The mean can be nasty. This should come as news to no one. But since, the good Lord knows why, this topic made it into the New York Times, it has become news and so must be discussed.
One Stephanie Coontz, associated with something called the Council on Contemporary Families—and since “families” is modified by “contemporary” one immediately has the suspicion that “families” does not mean “families”, but never mind—trumpeted a report called “The Trouble with Averages” written by some guy who sees fit to end his name with “PhD.”
The sin warned against is using just one number to summarize uncertainty in a thing which can take more than one value. The one number is the numerical average, a quantity which is often asked to bear burdens far beyond its capability.
The average is often used to define what is “normal”, with the implication that deviations from it are “Abby Something”, to quote Igor. The more slavish the devotion to this concept, the more the world appears insane, because hitting the average becomes increasingly difficult.

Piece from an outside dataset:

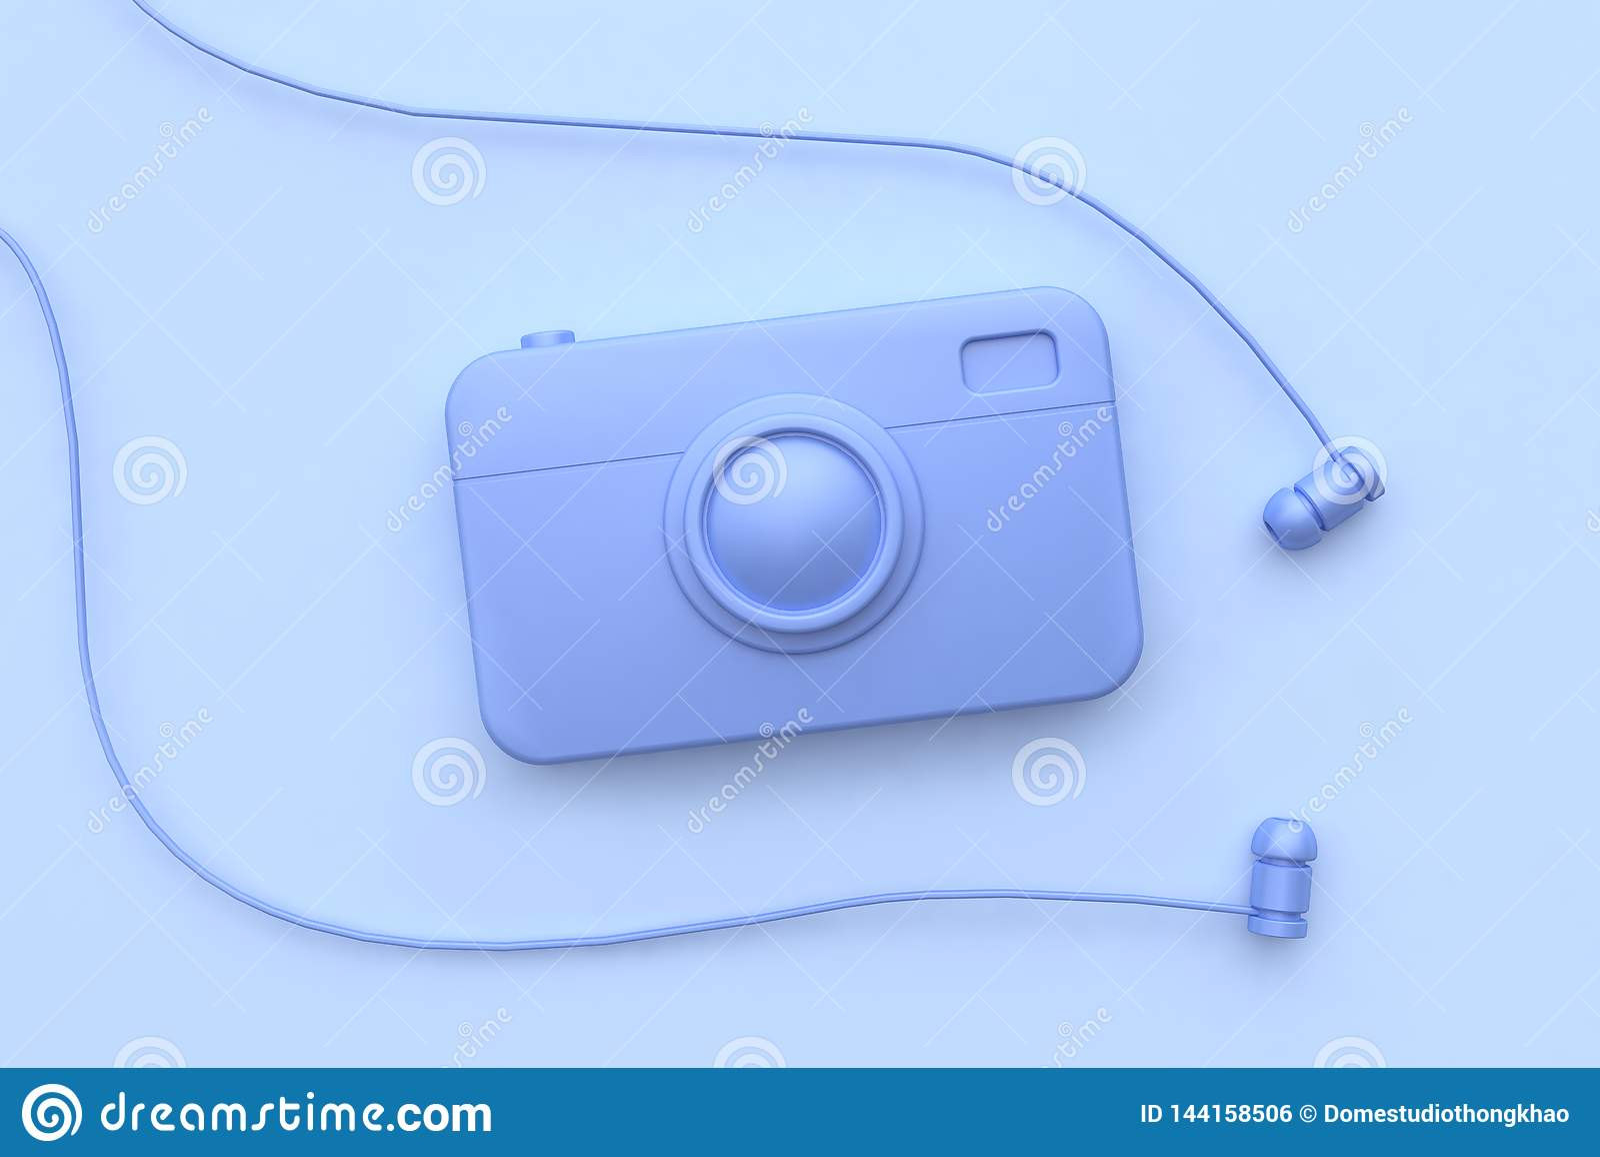 3d camera de oortelefoon maakt het purper-viooltje van het technologieconcept al voorwerp abstracte scène

This applies to people and things. You can say the normal temperature is X degrees, and as long as you define exactly how this was calculated, you’re on solid ground, but only an activist would fret at any departure from this number and suspect foul play.

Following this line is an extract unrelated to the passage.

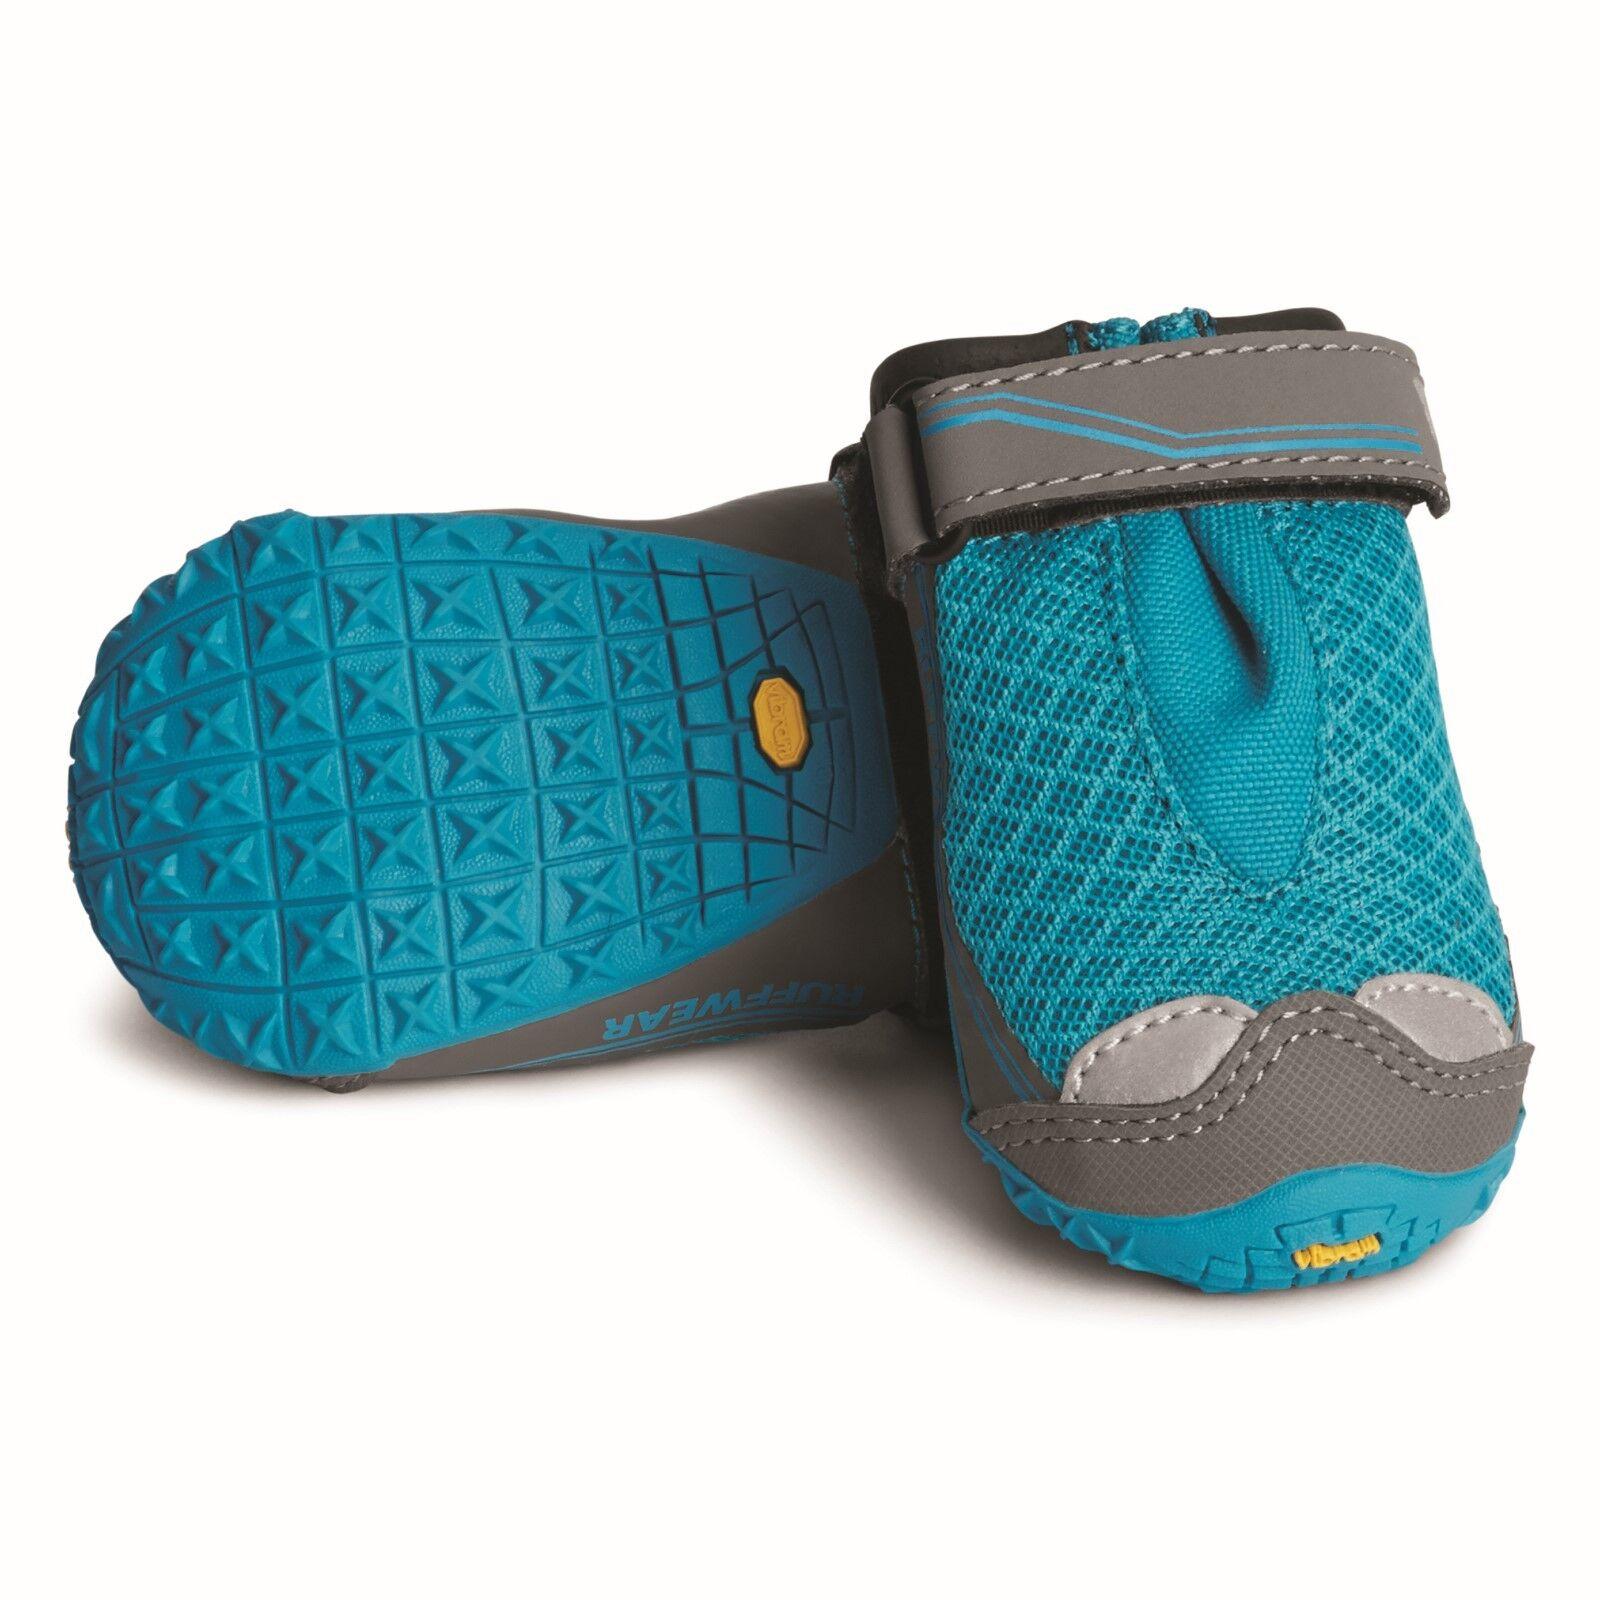 Ruffwear, Grip Trex Hundeschuhe, atmungsaktiv, 1Paar, Blau Spring (blau), 64mm   | Outlet Store Online

It might be that the average man grieves (say) 8 months after the death of his wife (one of Coontz’s example), but that doesn’t mean that a man who stops crying at 2 months is heard-hearted, nor that a man who wears sackcloth for two years is insane.
Using just the average to define “normal” in people is dangerously close to the fallacy of defining moral truths by vote. Come to think of it, isn’t that what the Diagnostic and Statistical Manual of Mental Disorders does? Plus, even “extremes” might not be “abnormal” in the sense of undesirable or harmful; it all depends on the behavior and our understanding of biology and morality.

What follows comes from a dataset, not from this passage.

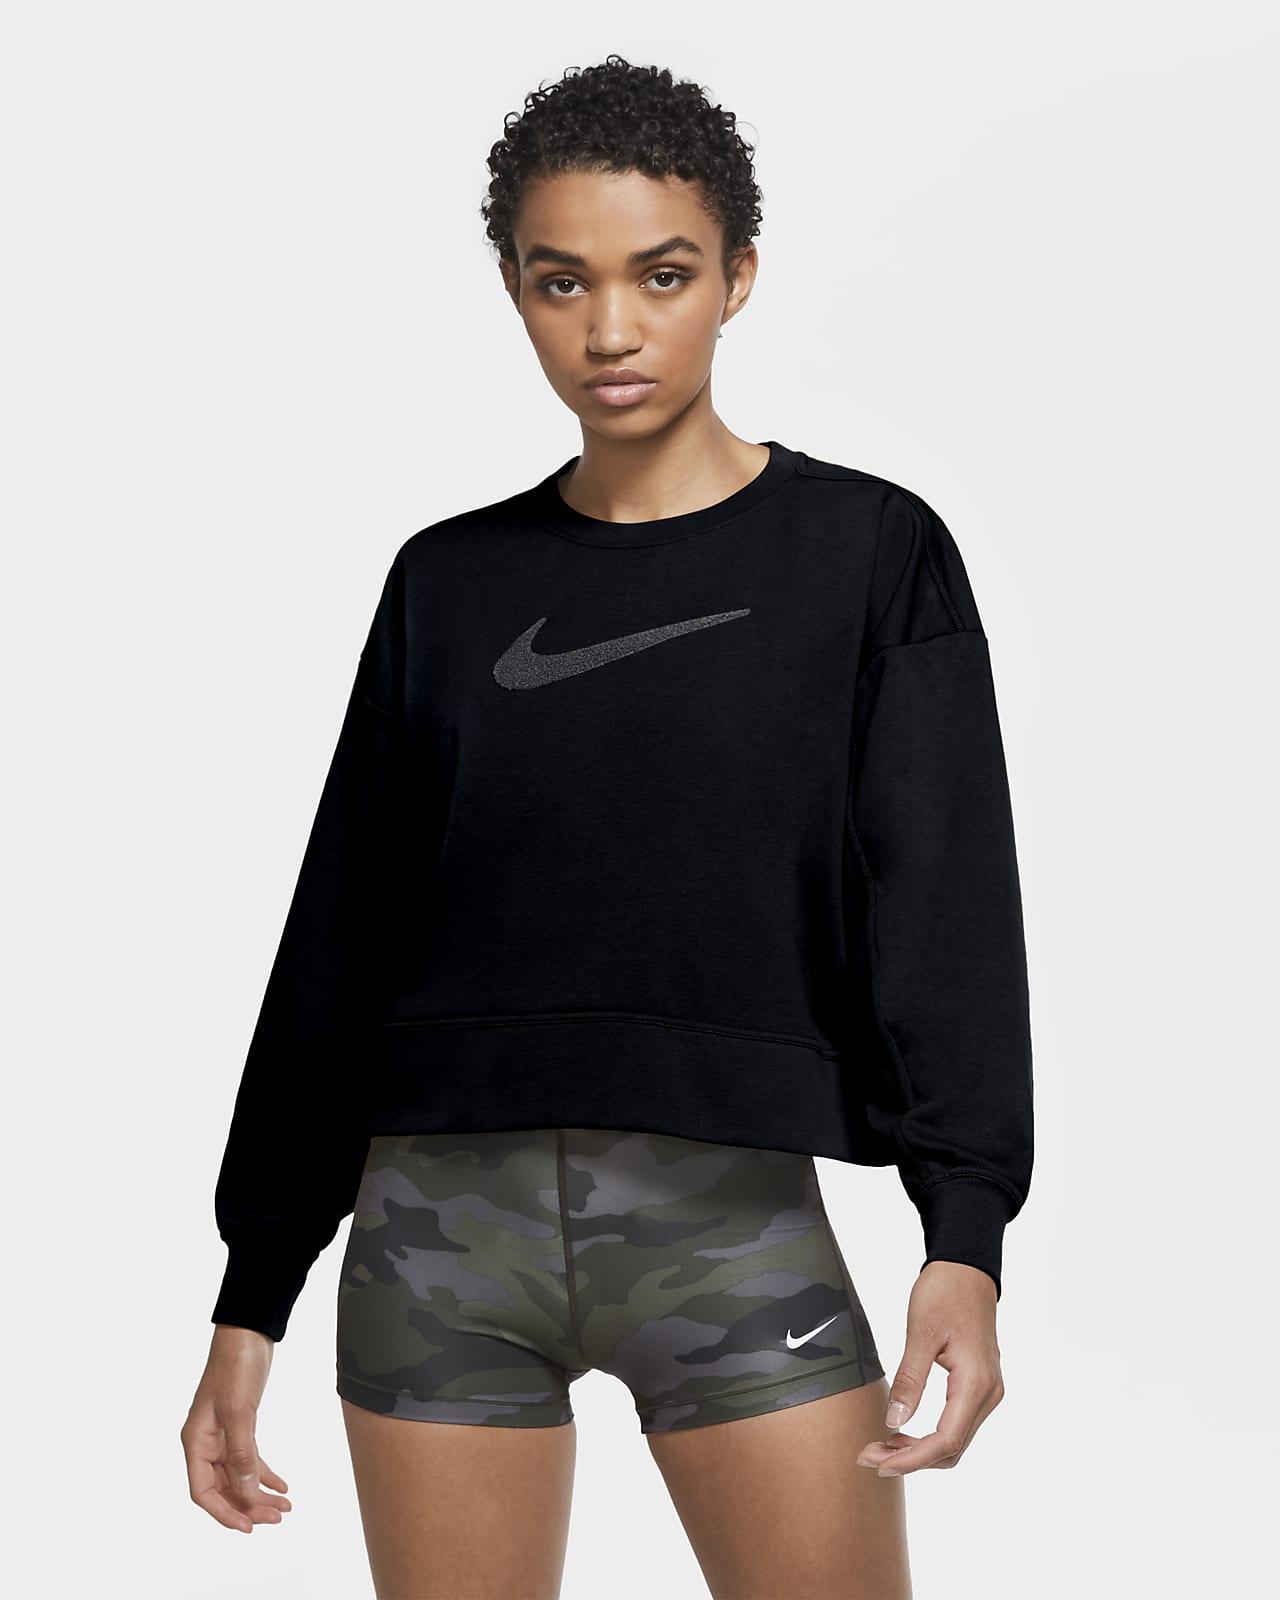 Nike Dri-FIT Get Fit Swoosh-Trainings-Rundhalsshirt für Damen

Planning on the average for physical things can make sense, but only in the rare cases where the average is all that matters. Engineers don’t design bridges to withstand only average loads.
Unless the item of interest is fixed and unchanging, and in which case the numerical mean is all that can occur, the idea of calculating an average is to assist in quantifying the uncertainty of the thing. If a thing varies, the mean will always be incomplete and reliance on it alone will lead to over confidence.
And don’t forget: probability doesn’t exist as a physical thing; it is instead the measure of uncertainty.
Anyway, not much of a post or a lesson today. Instead I’ll put the burden on you. What are some good examples where the mean, and only the mean, is an adequate summary?
Update Coontz used the word “outliers”. There are no such things. There can be mismeasured data, i.e. incorrect data, say when you tried to measure air temperature but your thermometer fell into boiling water. Or there can be errors in recording the data; transposition and such forth. But excluding mistakes, and the numbers you meant to measure are the numbers you meant to measure, there are no outliers. There are only measurements which do not accord with your theory about the thing of interest.
Far too often I find people throwing out real data because it doesn’t fit their preconceptions, i.e. model. Nutty behavior.
Thanks to Andrew Kennett to pointing us to this topic.